# Kaskada Demo
## Let's use a common ML challenge: Customer Retention. 

Companies collect massive amounts of data using platforms like Splunk, Heap, Segment, or even basic event logs describing user behavior. How can you use this data to predict user retention, revenue targets, and identify which customers are likely to be the most successful?

Then how do we make that information available to the customer success reps to attempt to save accounts, to sales reps to help predict if a new customer might be successful, and to revenue leaders to predict quarterly and annual revenue targets.
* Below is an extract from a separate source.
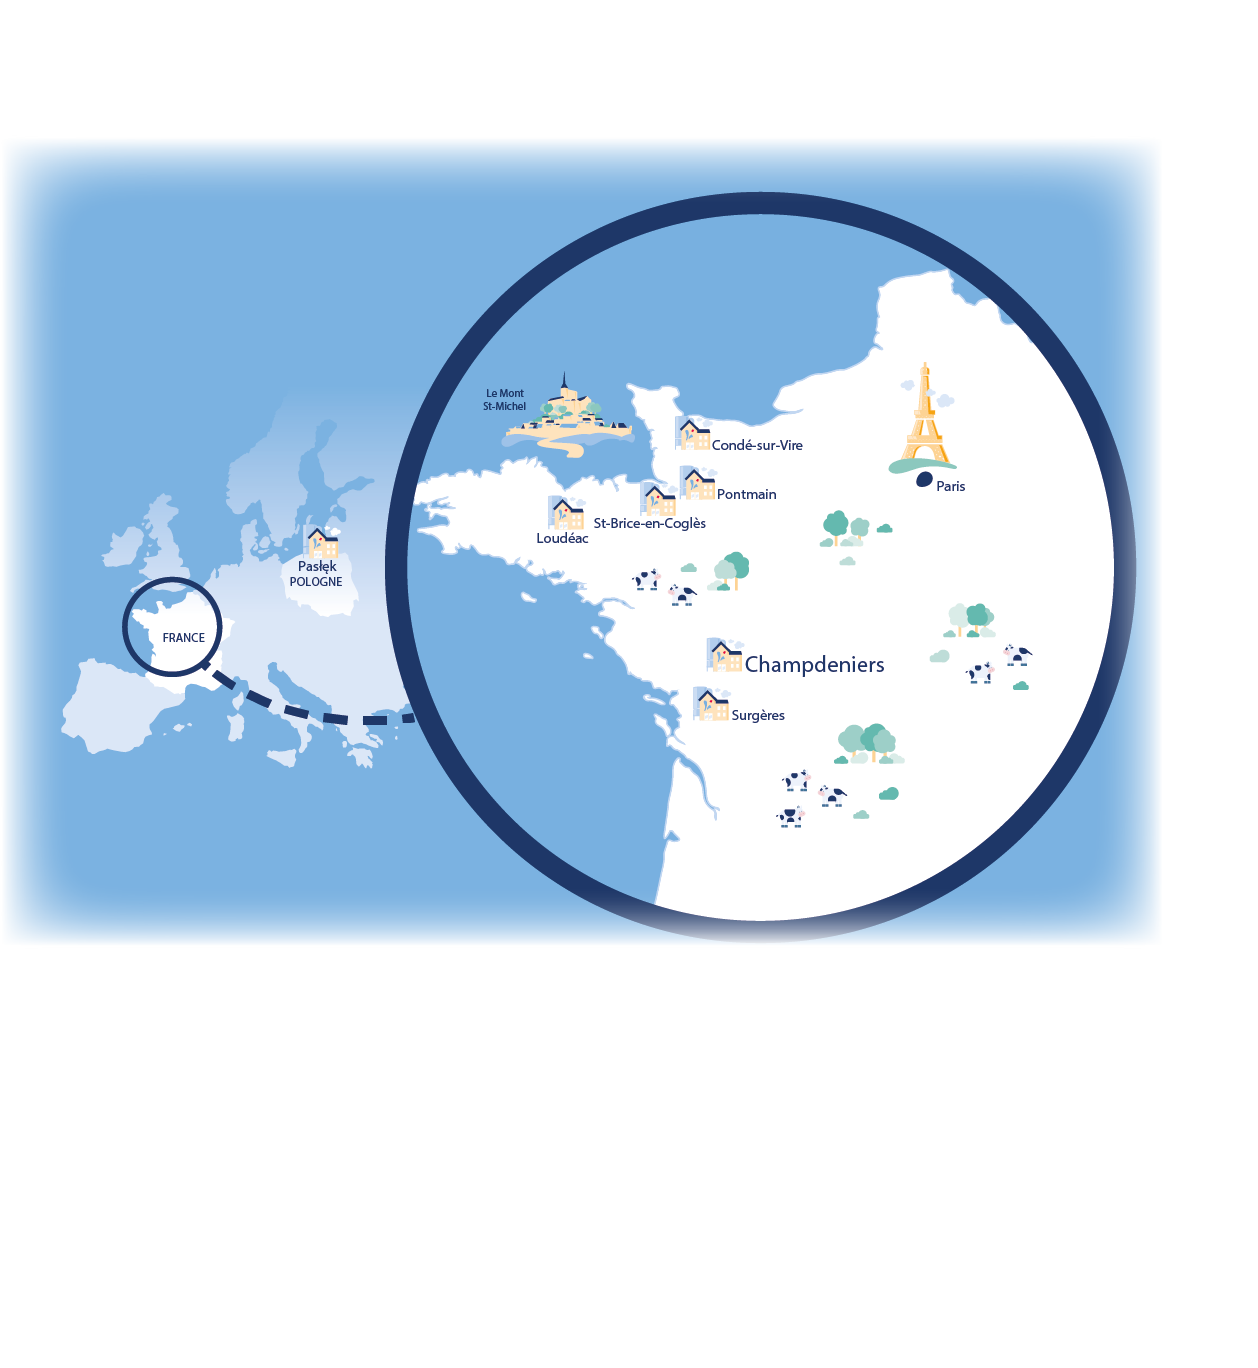 Carte et localisation des différentes usines d'Armor : Saint Brice en Coglès, Loudéac, Condé-sur-Vire, Pontmain, Champeniers, Surgères et Paslek

**Note**: Due to the terms and conditions by which the data used in this notebook is made avaialble, anyone interested in recreating this work will need to download the files from Kaggle and follow the instructions below to create your own Kaskada account and upload the data. 

# Step 1: Setup Kaskada Client

## Session Builder
The next version of Kaskada will use an API Session Builder to follow closely to PySpark's approach to local connections.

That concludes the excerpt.